[Data]
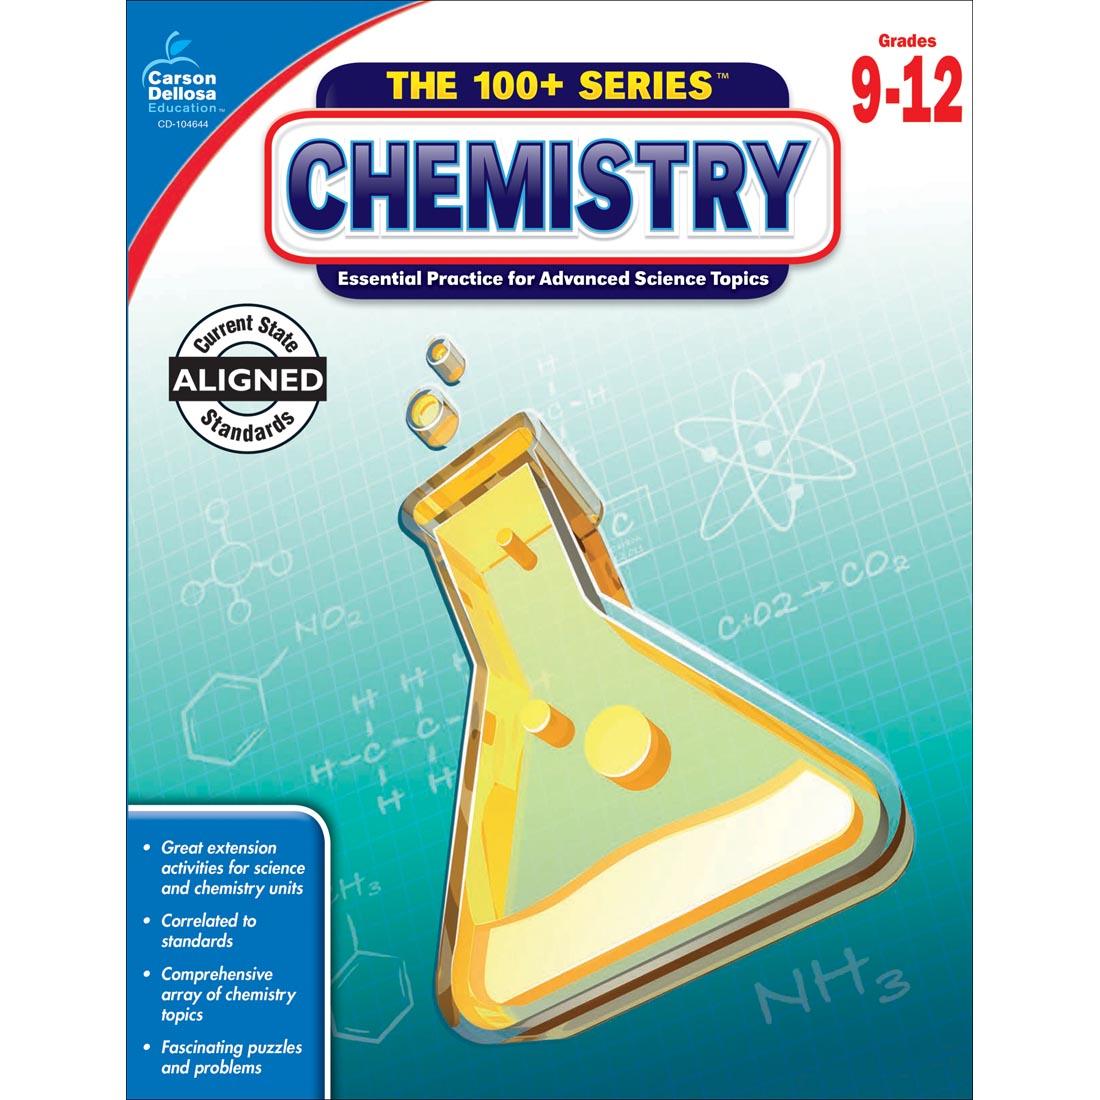 The 100+ Series: Chemistry by Carson Dellosa Grades 9-12
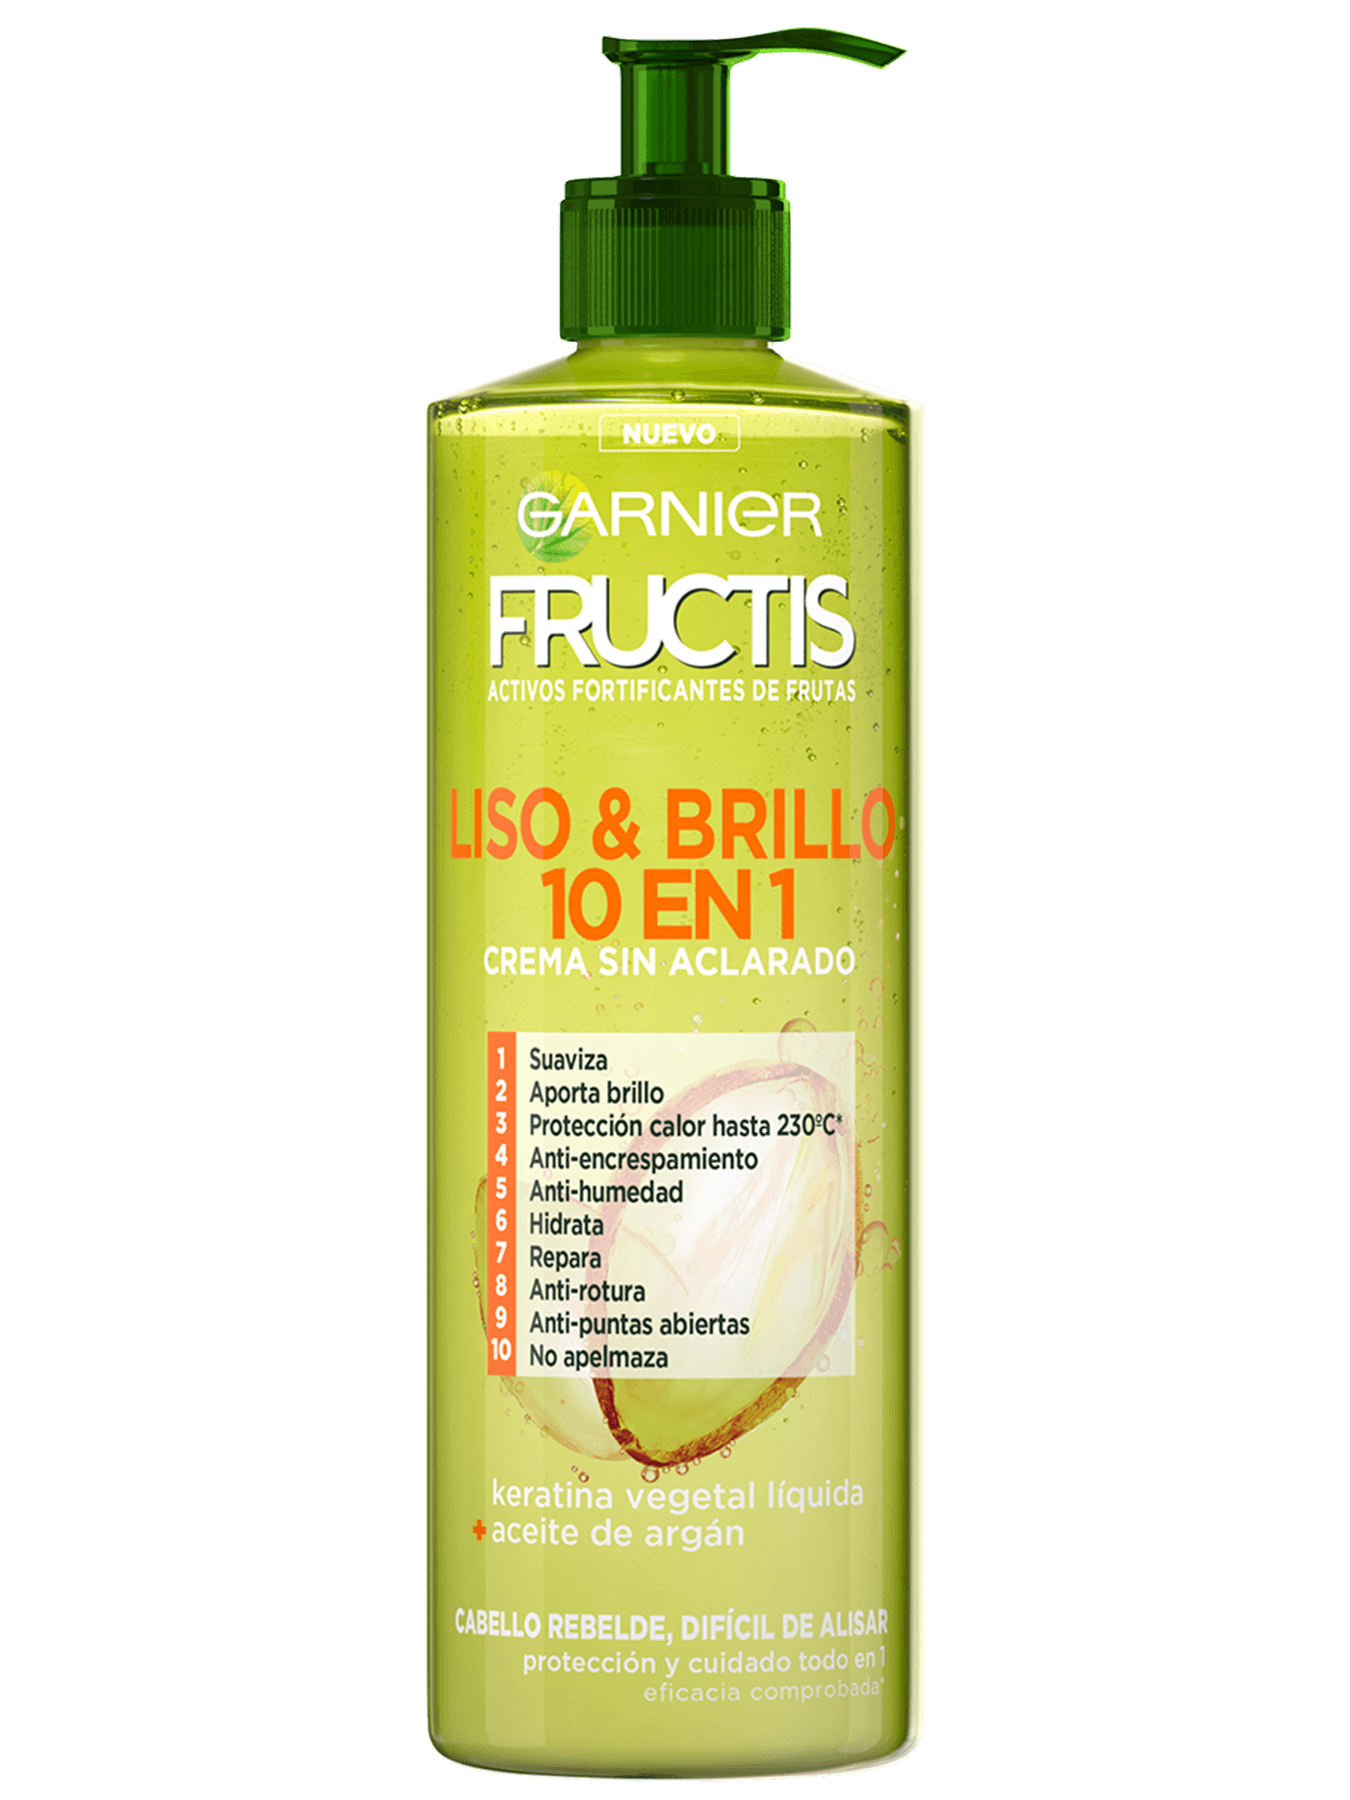 Fructis & Brillo Aclarado 10 en 1 | Garnier
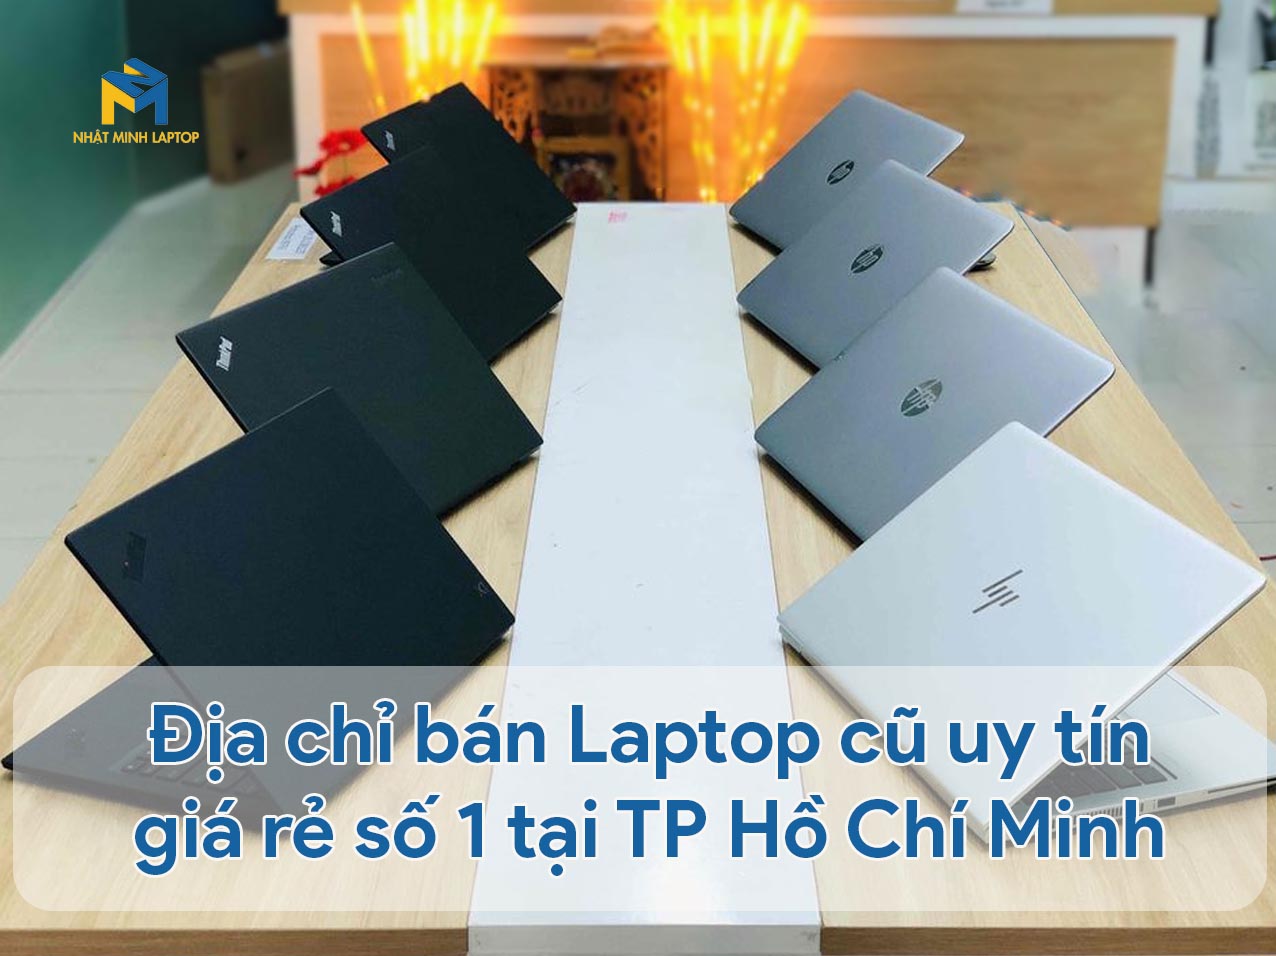 Địa chỉ bán Laptop cũ uy tín giá rẻ số 1 tại TP Hồ Chí Minh
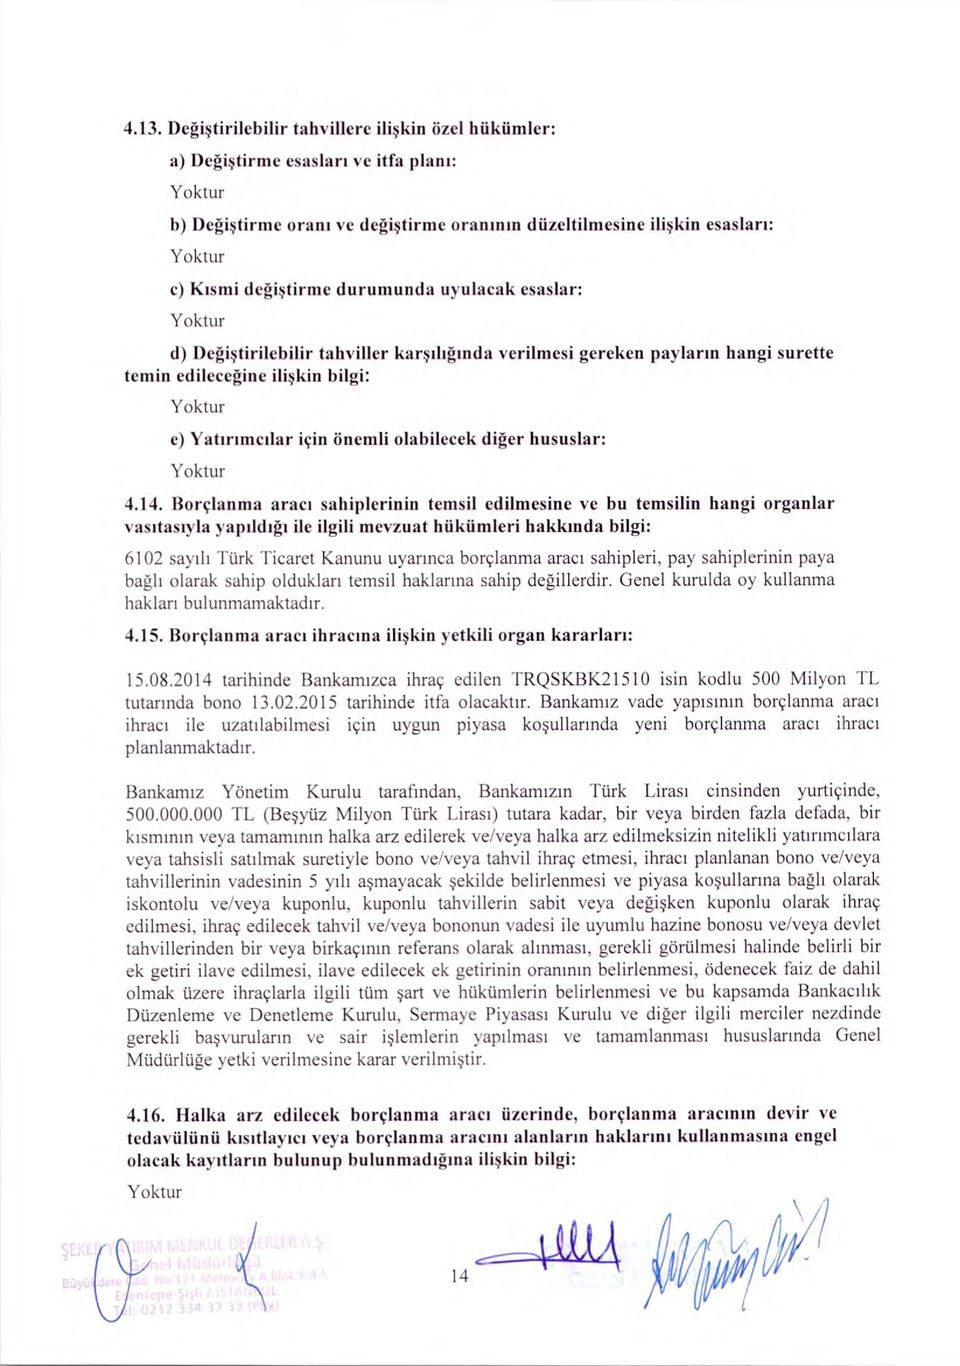 Borçlanma araci sahiplerinin temsil edilmesine ve bu temsilin hangi organlar vasitasiyla yapildigi ile ilgili mevzuat hiikiimleri hakkinda bilgi: 6102 sayili Turk Ticaret Kanunu uyarmca borçlanma

[Exercise instructions] Each line from the one holding "Địa chỉ bán" through the final line of the data needs to be transcribed exactly. Include both ends, skip the pictures, and add nothing.

[Task result]
 Địa chỉ bán Laptop cũ uy tín giá rẻ số 1 tại TP Hồ Chí Minh
 Borçlanma araci sahiplerinin temsil edilmesine ve bu temsilin hangi organlar vasitasiyla yapildigi ile ilgili mevzuat hiikiimleri hakkinda bilgi: 6102 sayili Turk Ticaret Kanunu uyarmca borçlanma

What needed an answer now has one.